(EXERCISE DIRECTIONS): An exact copy of all the data is required, with pictures left out.

(DATA BELOW):
┄┄┄┄┄┄
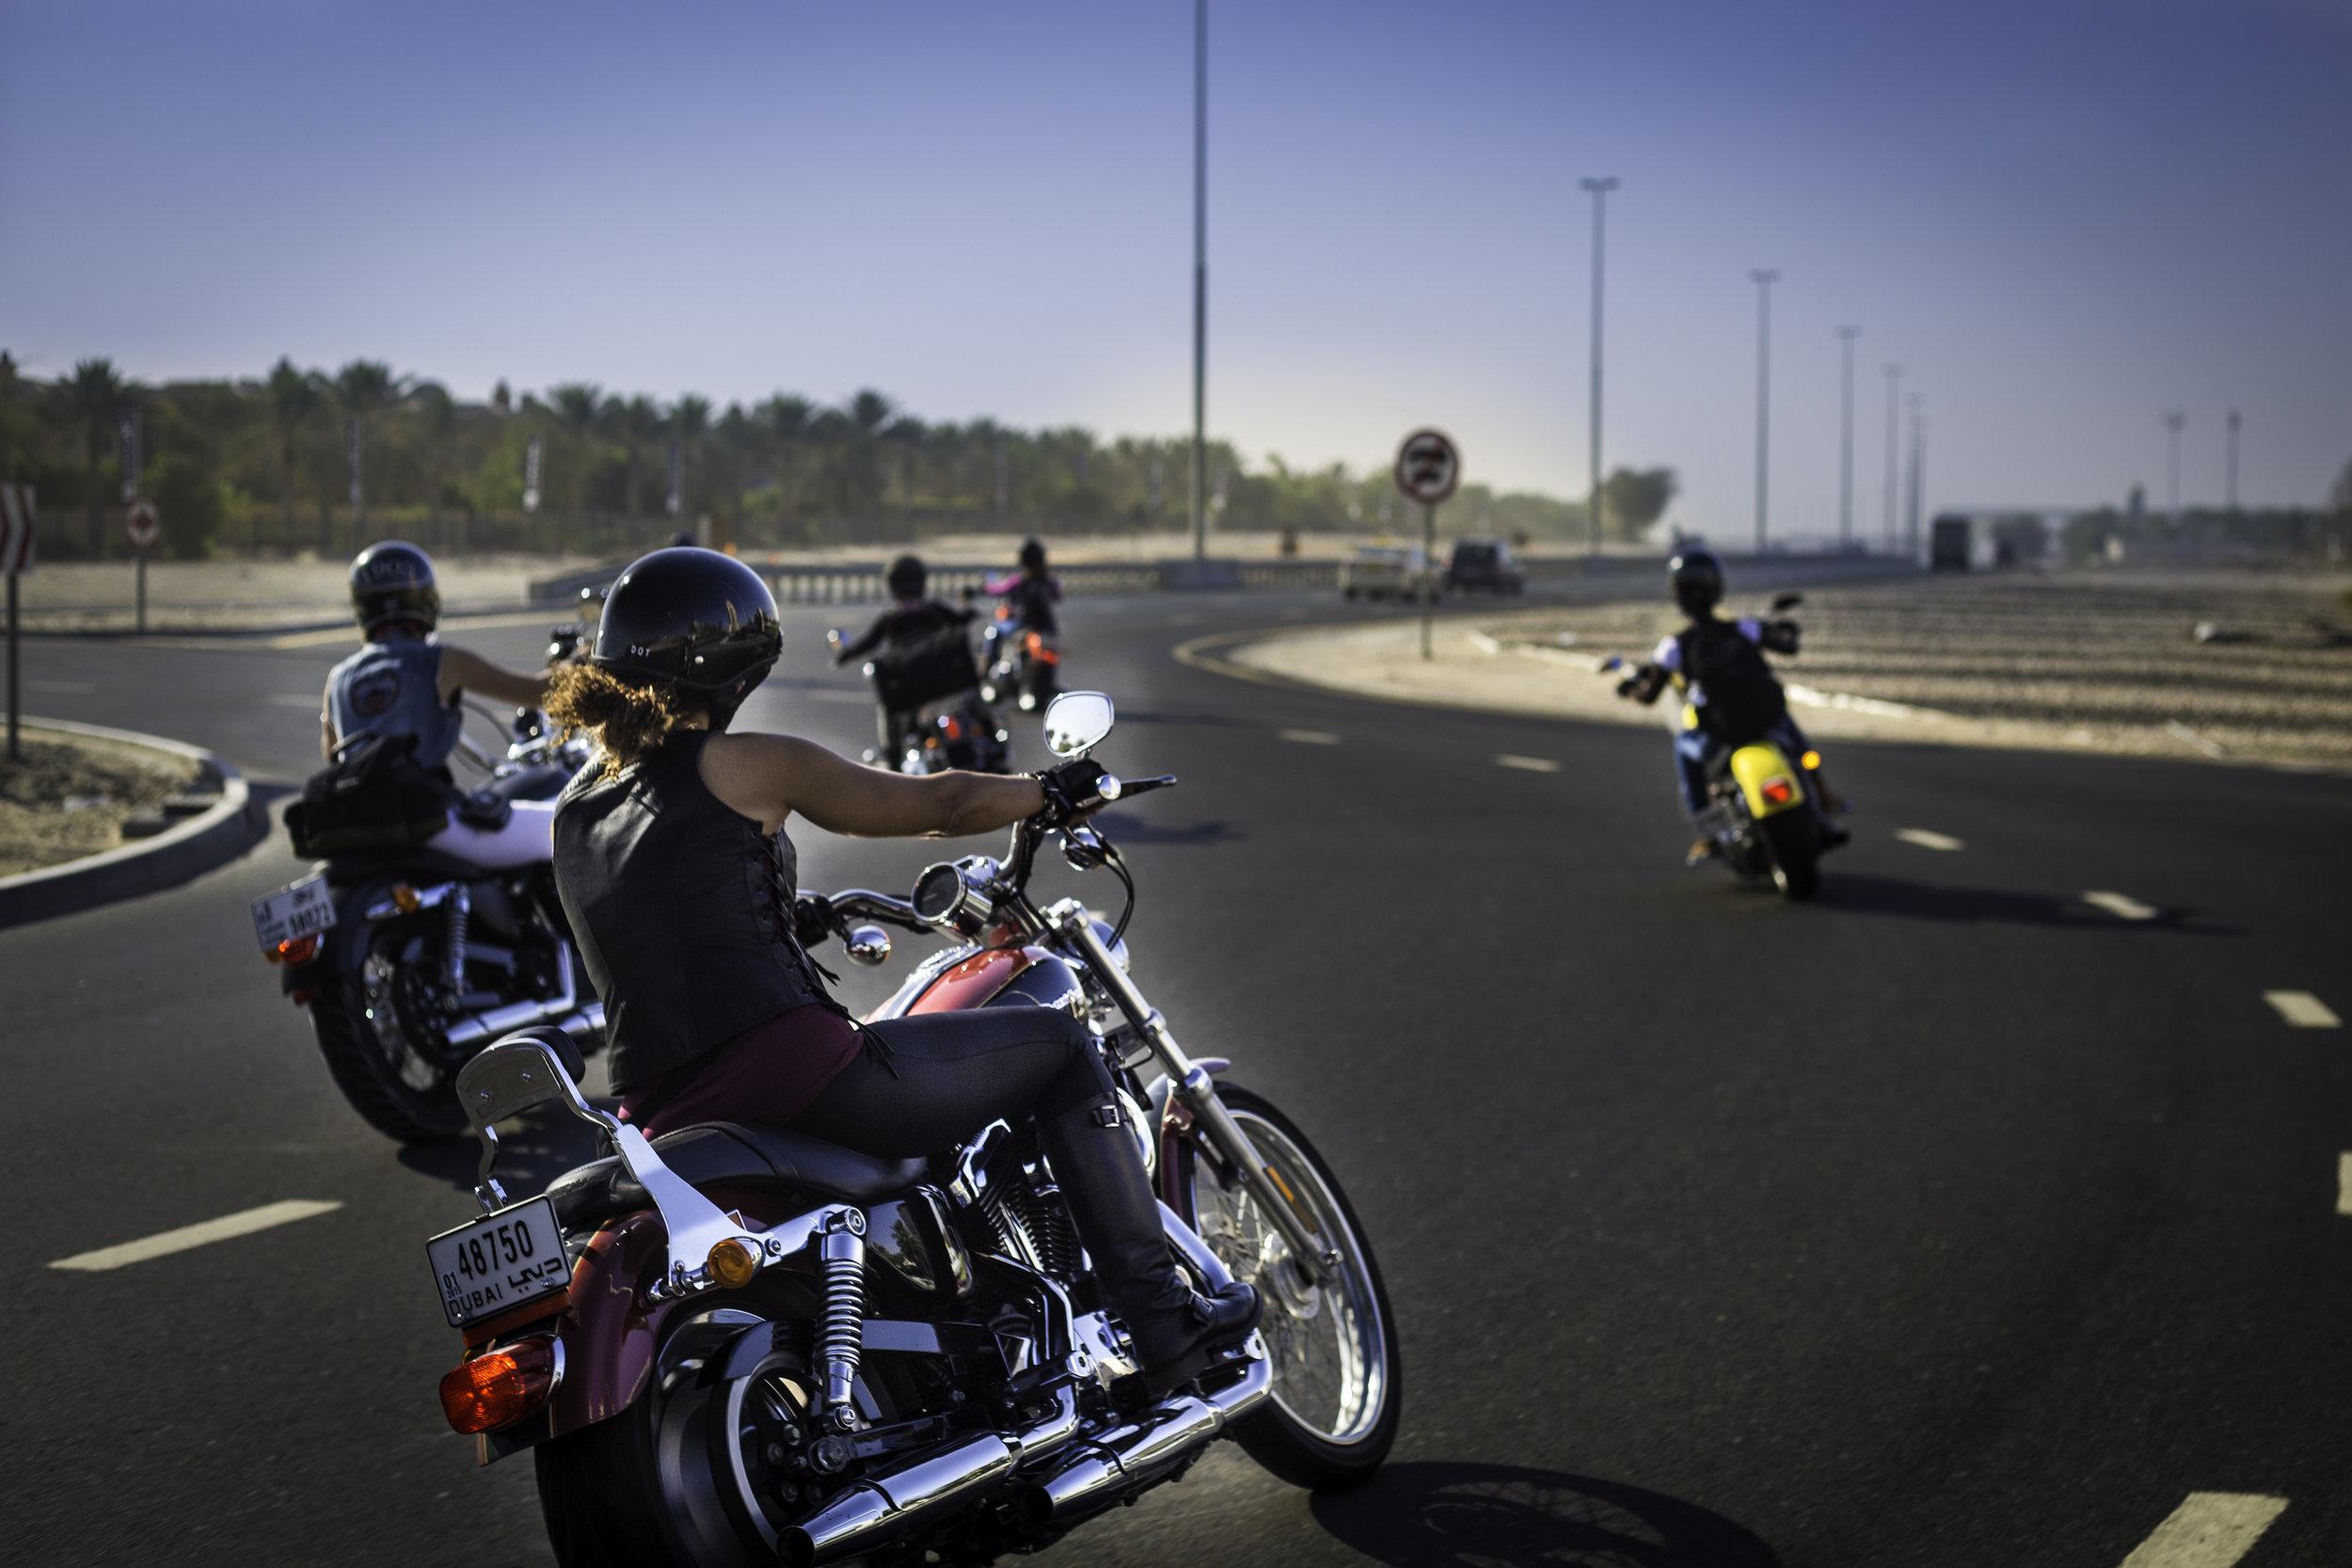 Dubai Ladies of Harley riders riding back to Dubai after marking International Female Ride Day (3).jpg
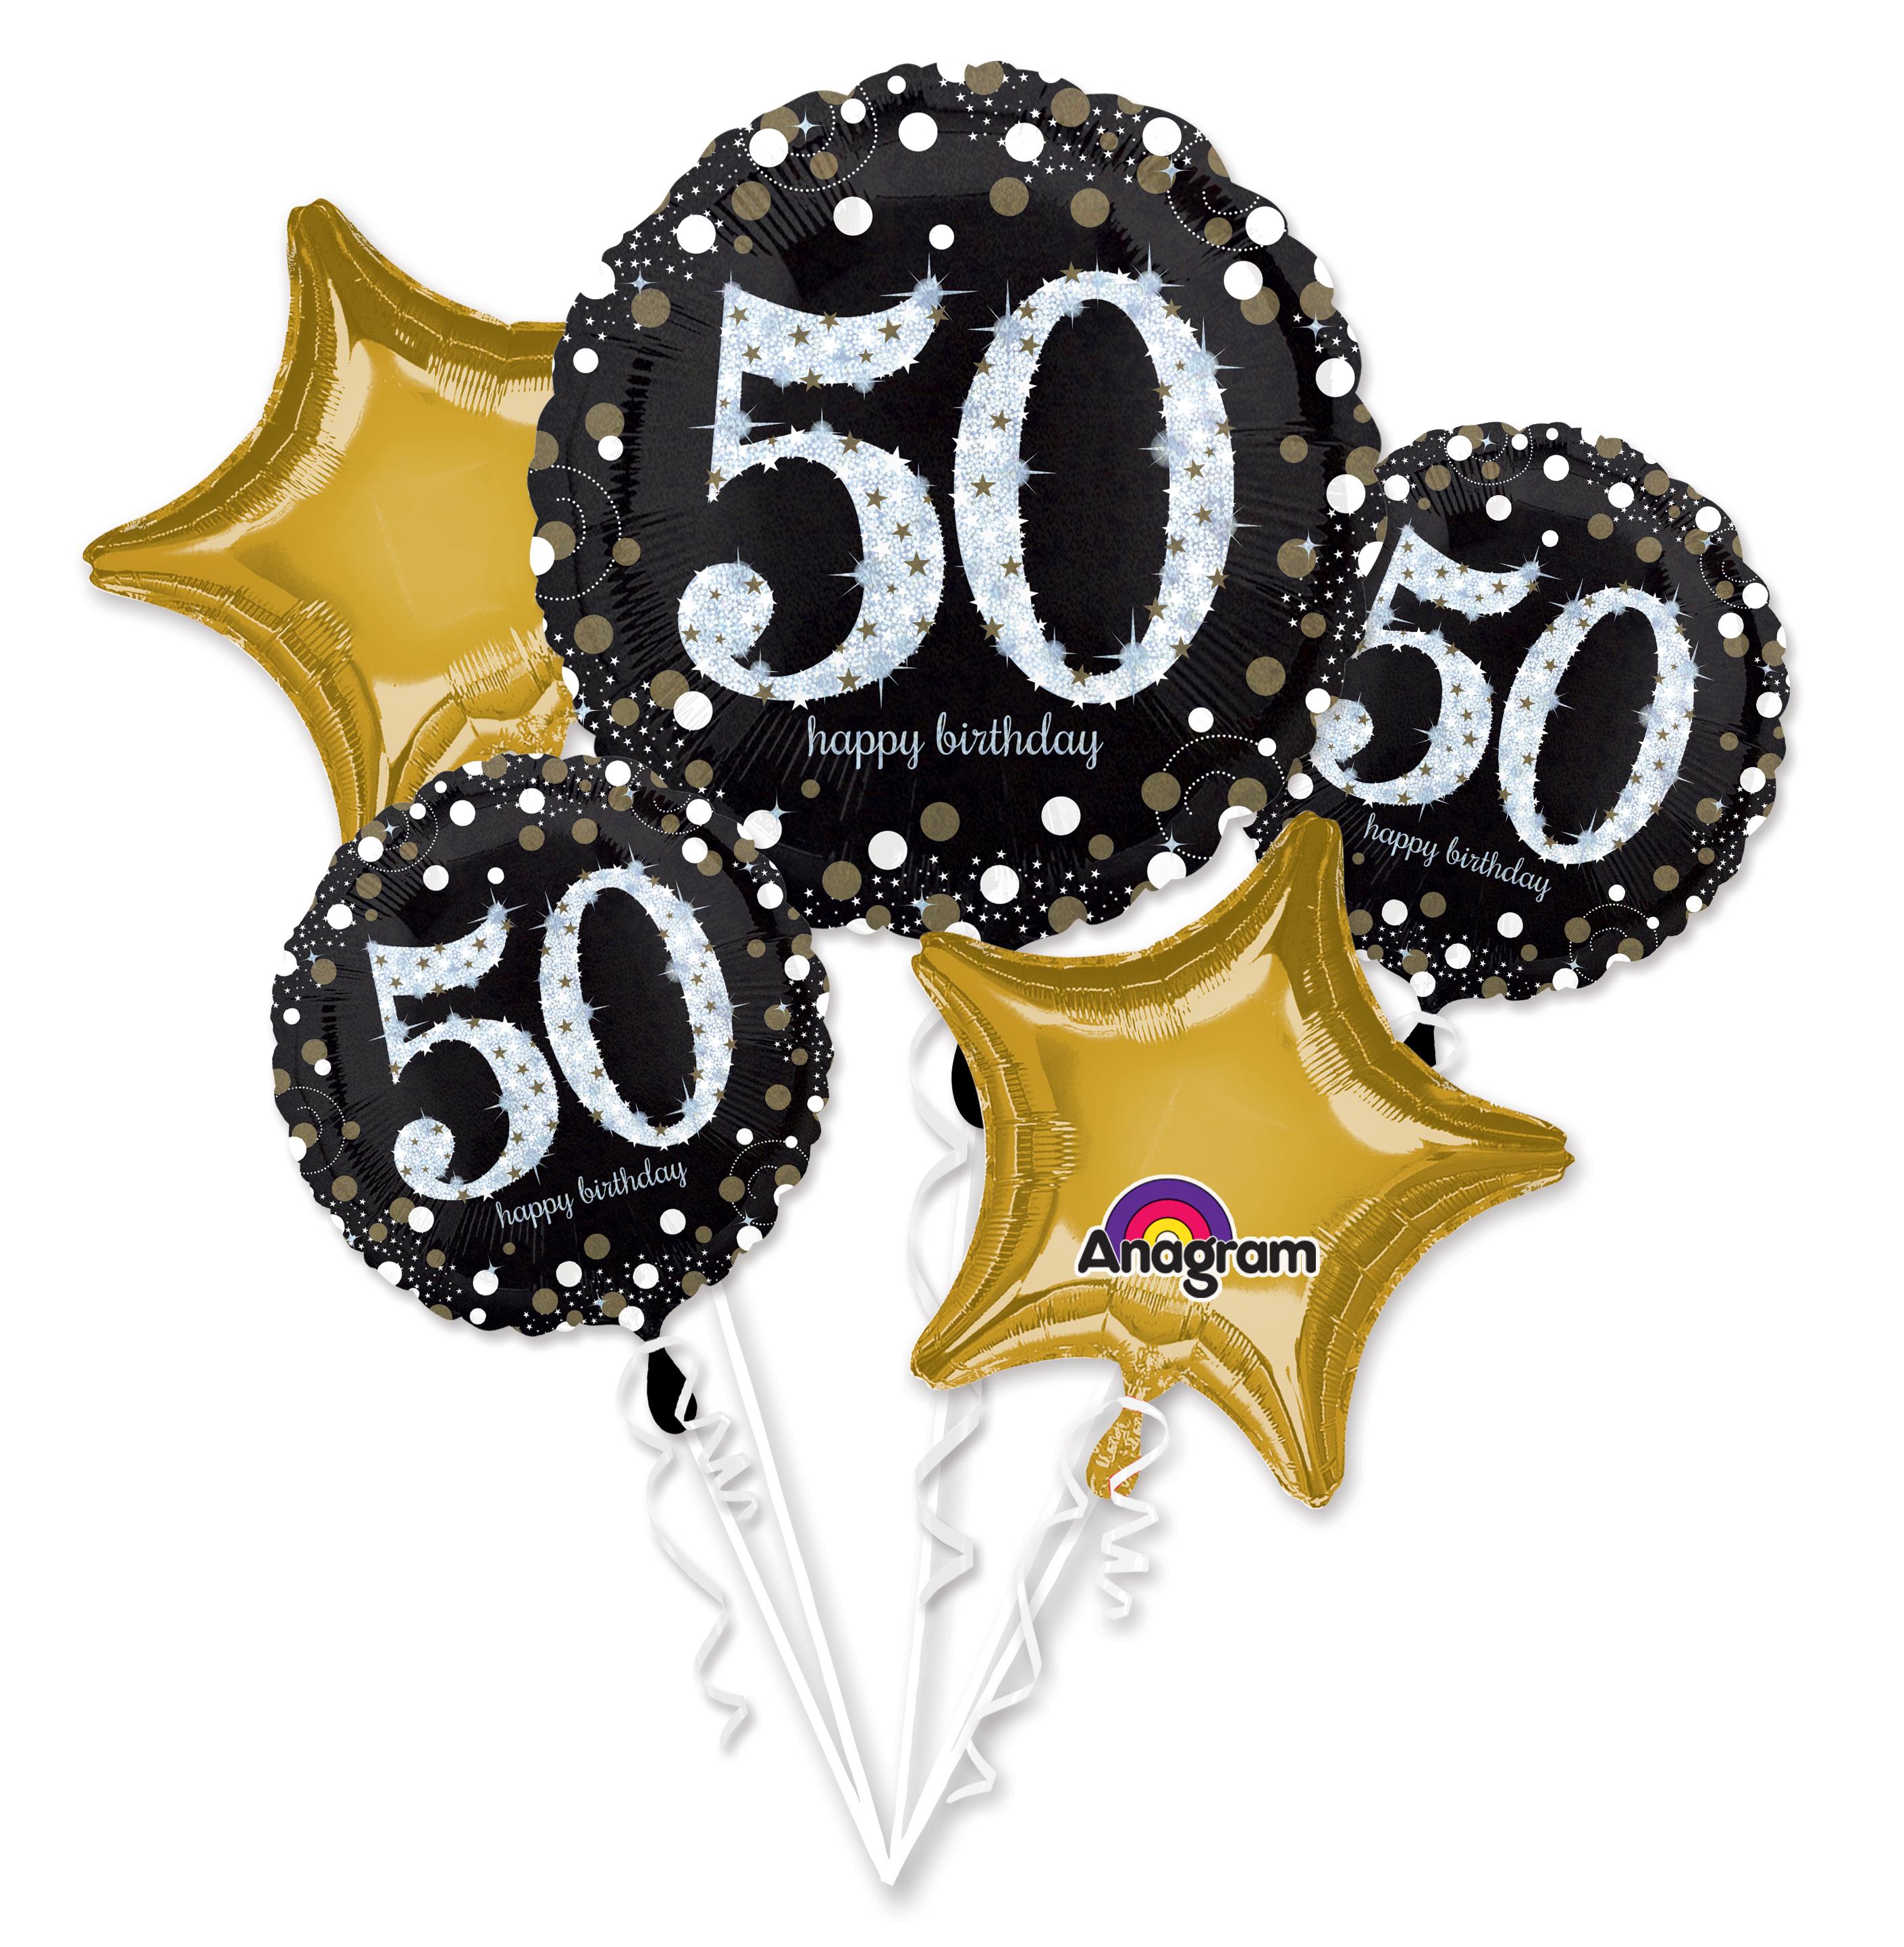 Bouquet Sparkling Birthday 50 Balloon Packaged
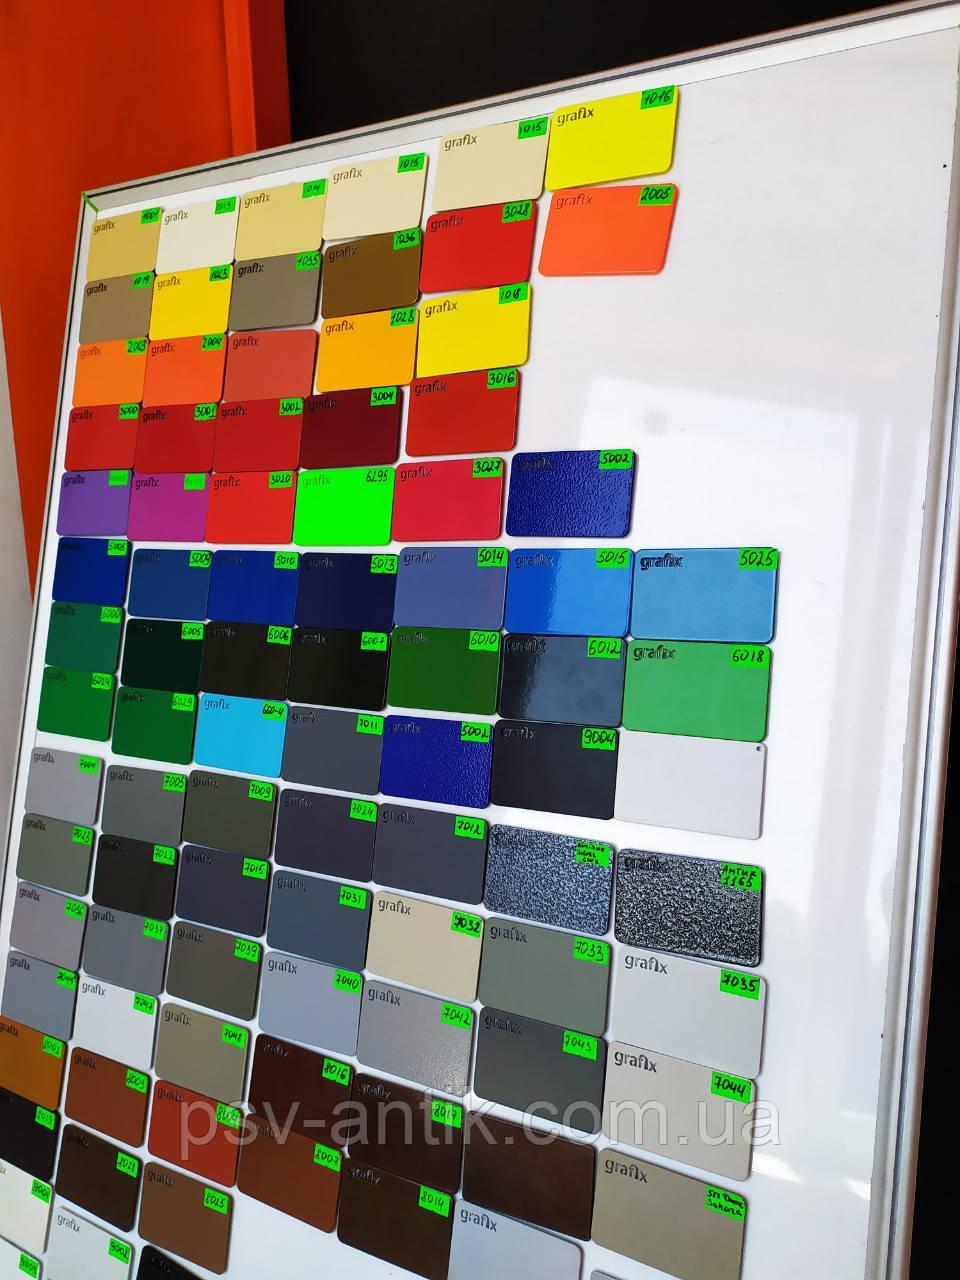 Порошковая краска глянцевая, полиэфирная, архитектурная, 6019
┄┄┄┄┄┄
(ANSWER BOX):
 Dubai Ladies of Harley riders riding back to Dubai after marking International Female Ride Day (3).jpg
 Bouquet Sparkling Birthday 50 Balloon Packaged
 Порошковая краска глянцевая, полиэфирная, архитектурная, 6019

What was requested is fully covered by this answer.